- _Problem details_:
Whenever a picture appears, leave it out while repeating all the other data exactly.

- _Given material_:
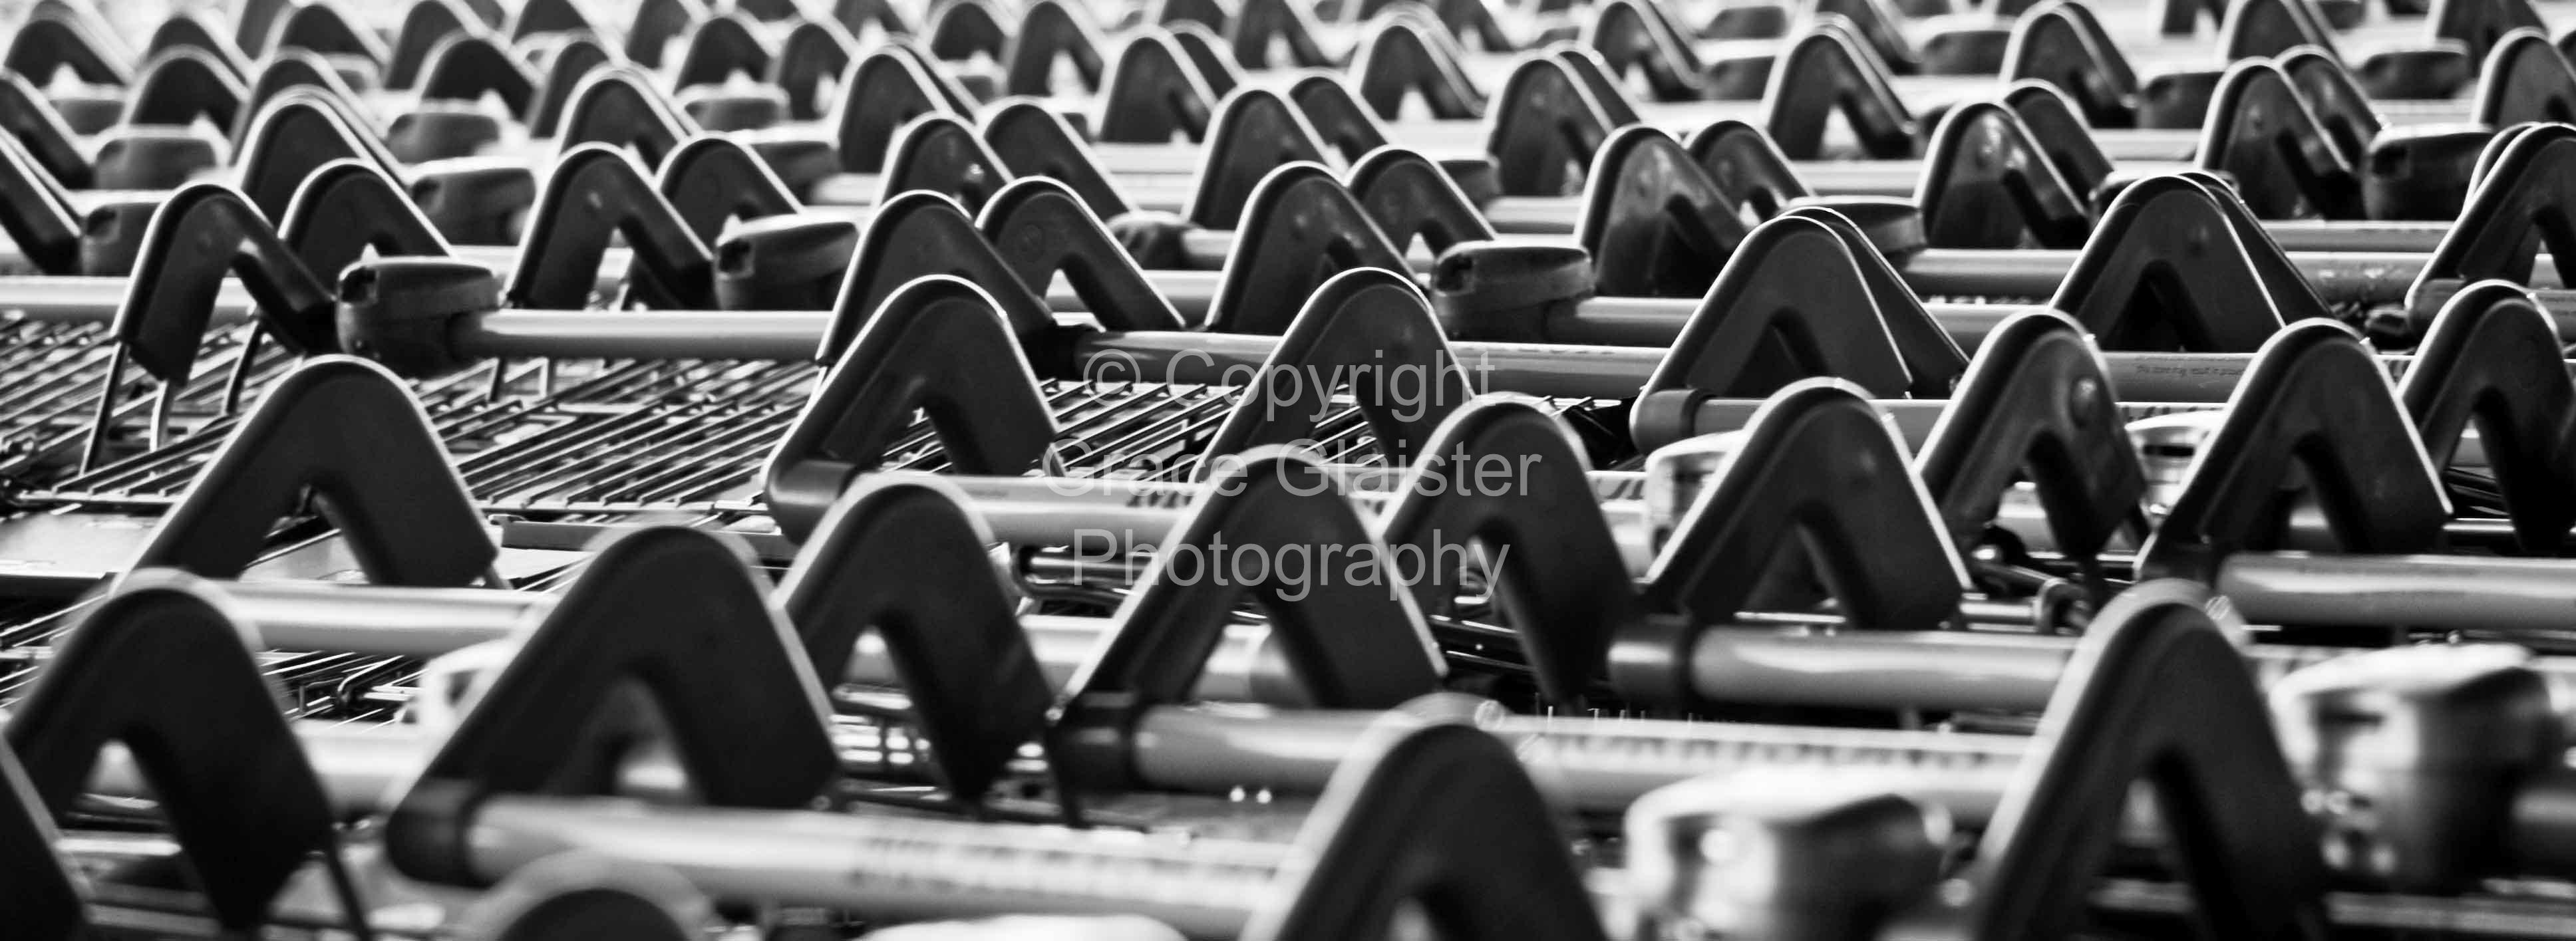 Trolleys by Grace Glaister
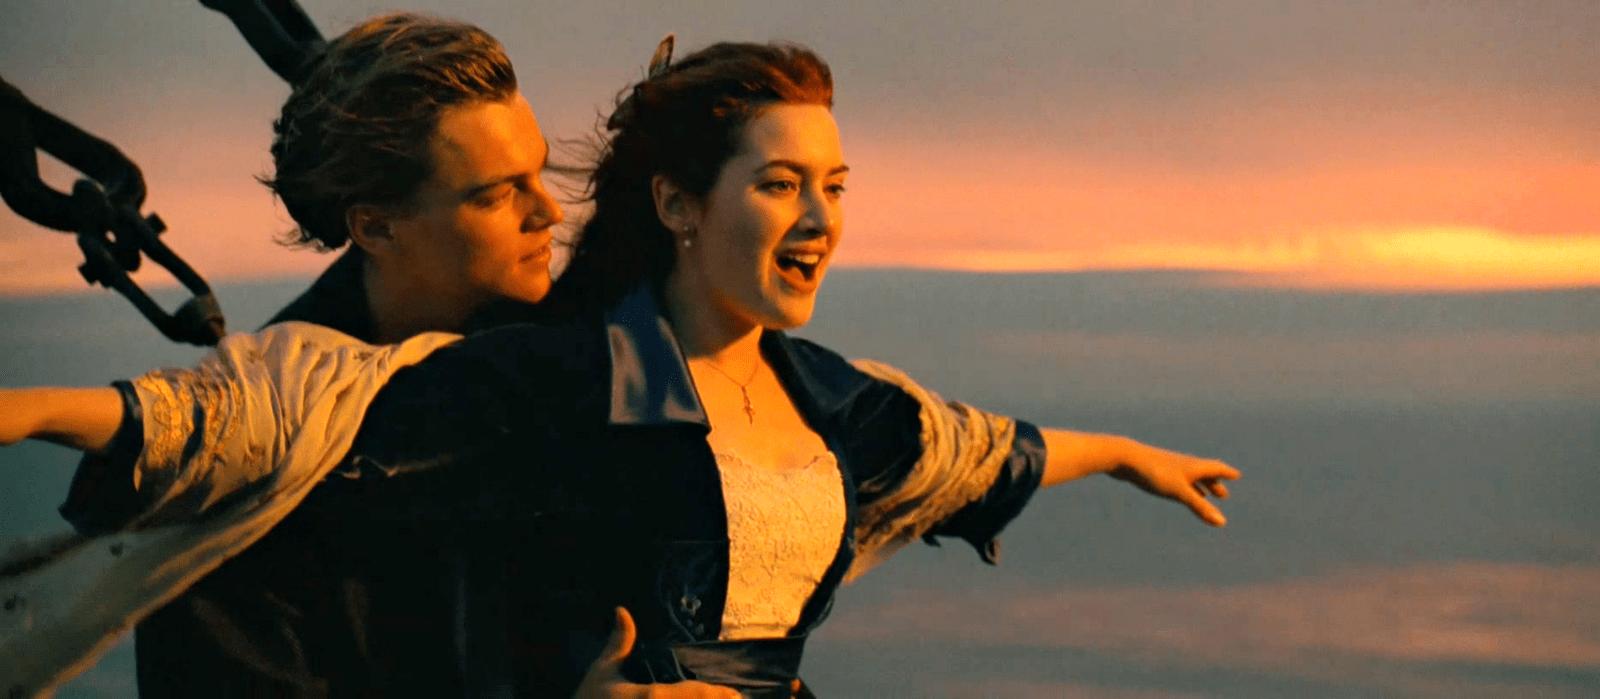 Jack e Rose vs. Leo e Kate: due destini incrociati
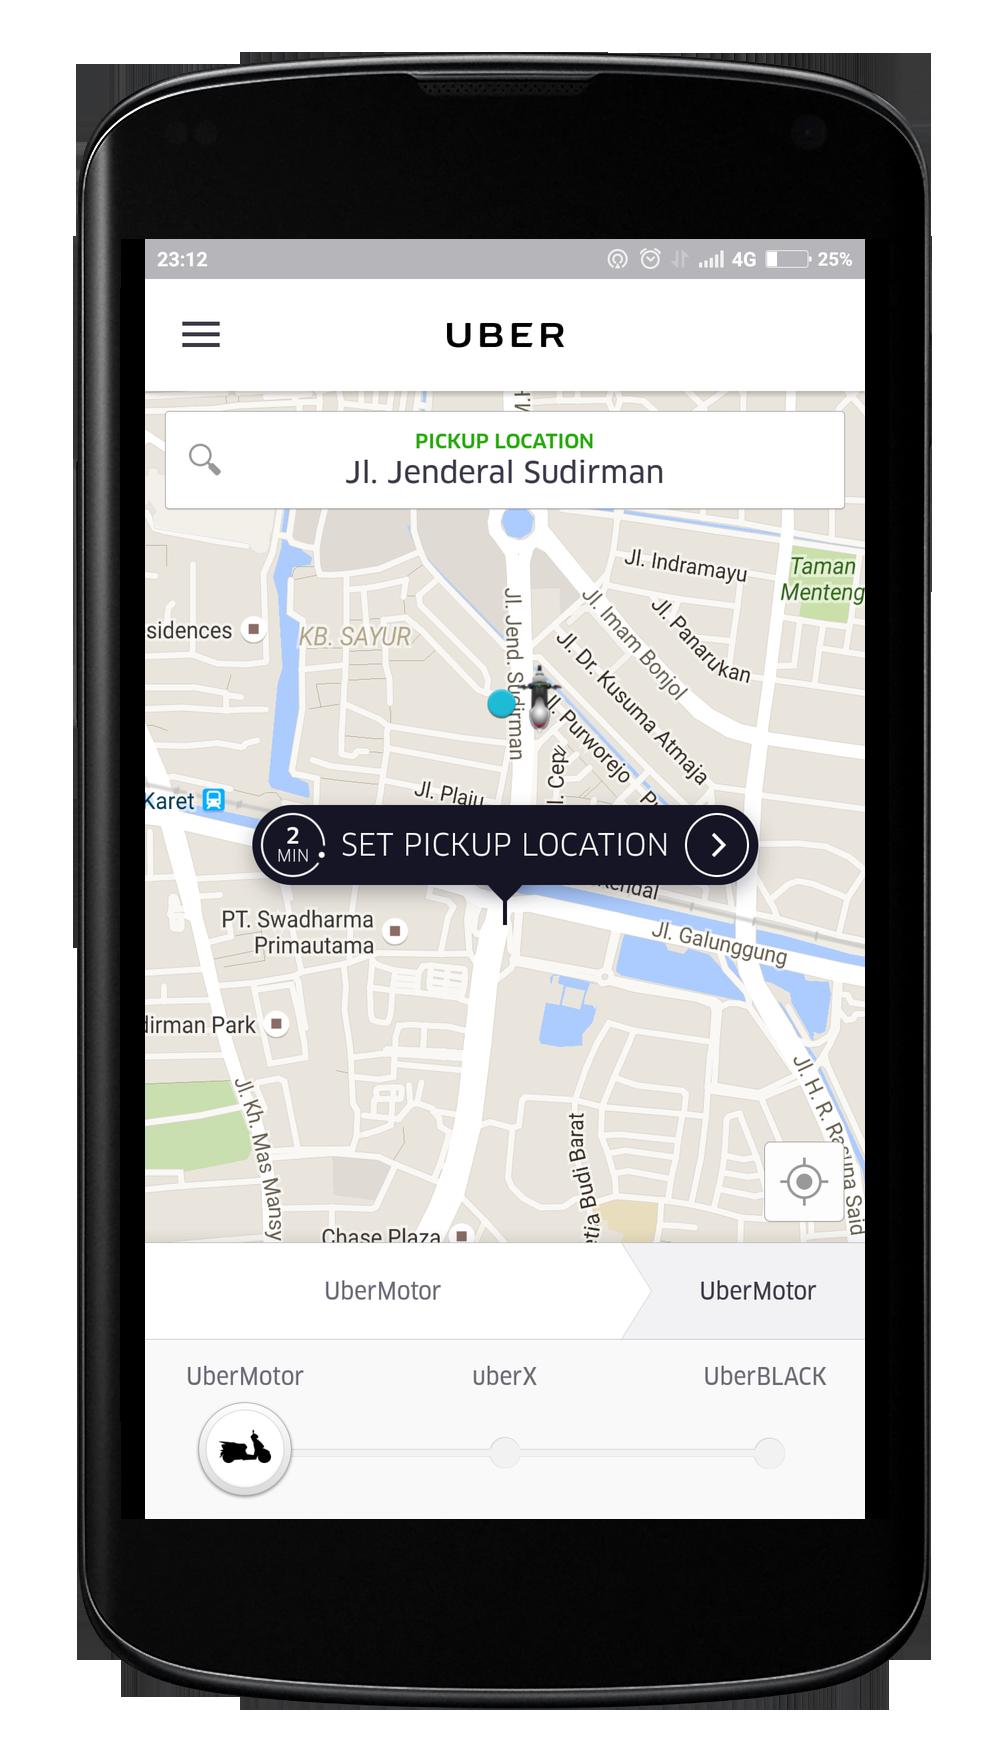 uberMOTOR Screenshot App copy

- _Output for this task_:
 Trolleys by Grace Glaister
 Jack e Rose vs. Leo e Kate: due destini incrociati
 uberMOTOR Screenshot App copy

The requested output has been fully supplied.